[The Editor's Top 25]

The following are the editor's top 25 DVDs to ever hit the street. If the following tends to differ from the top-selling discs out there, it's because this is all about movies, and there is little point in discussing how good a particular DVD looks or sounds if the film is crap — there is no point in watching bad films more than once. Yr. hmb. ed. will take a slightly damaged print of The Philadelphia Story with a mono soundtrack on DVD over Starship Troopers any day.

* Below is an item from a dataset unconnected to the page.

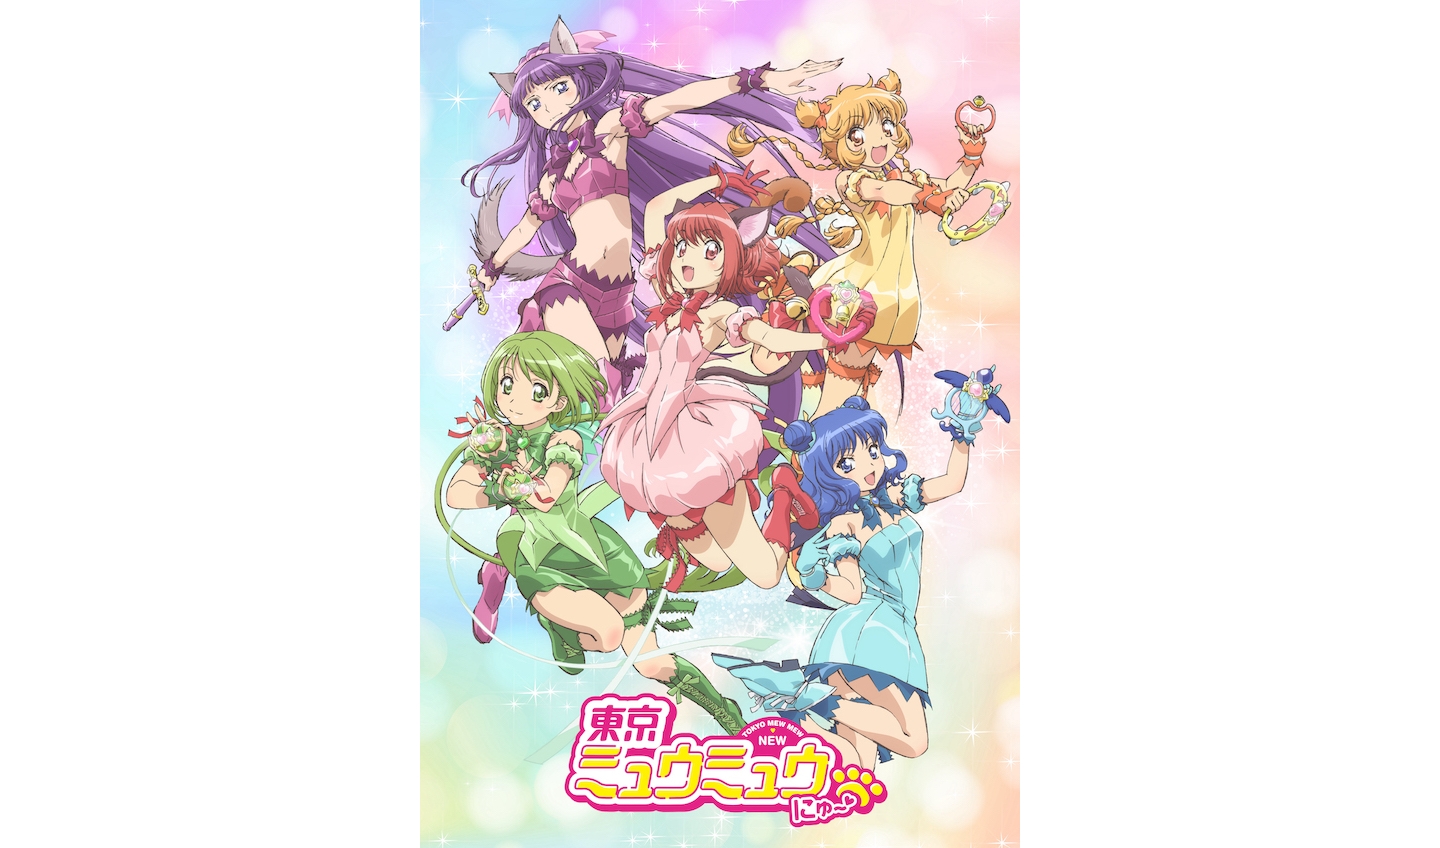 Where to watch Tokyo Mew Mew Mew and streaming release explained

That said, all of these discs are of excellent quality, and besides featuring great films, they all include some sort of "special edition" content, which is required to get on the Top 25. You will probably disagree with some of these picks, but make no mistake — if you just bought a DVD player or you've got a few bucks to burn, each one of these discs deserves a place in your personal collection.

Counting backwards...

25. Die Hard: Five Star Collection

Bruce Willis and director John McTiernan virtually re-invented the action film for the '80s and beyond with this Christmas favorite, which also features Alan Rickman as one of the best baddies in Hollywood history. Fox's two-disc Die Hard: Five Star Collection features a solid transfer, two commentary tracks, a third text-only track, expanded and deleted scenes, outtakes, raw newscast footage, magazine-article reprints, a scene-editing and an audio-mixing workshop, and a great "Slide Show" with digressive presentations of outtakes, blueprints and behind-the-scenes footage. And while you're here, check out the complete screenplay. "Yippie-ki-yay," DVD lovers!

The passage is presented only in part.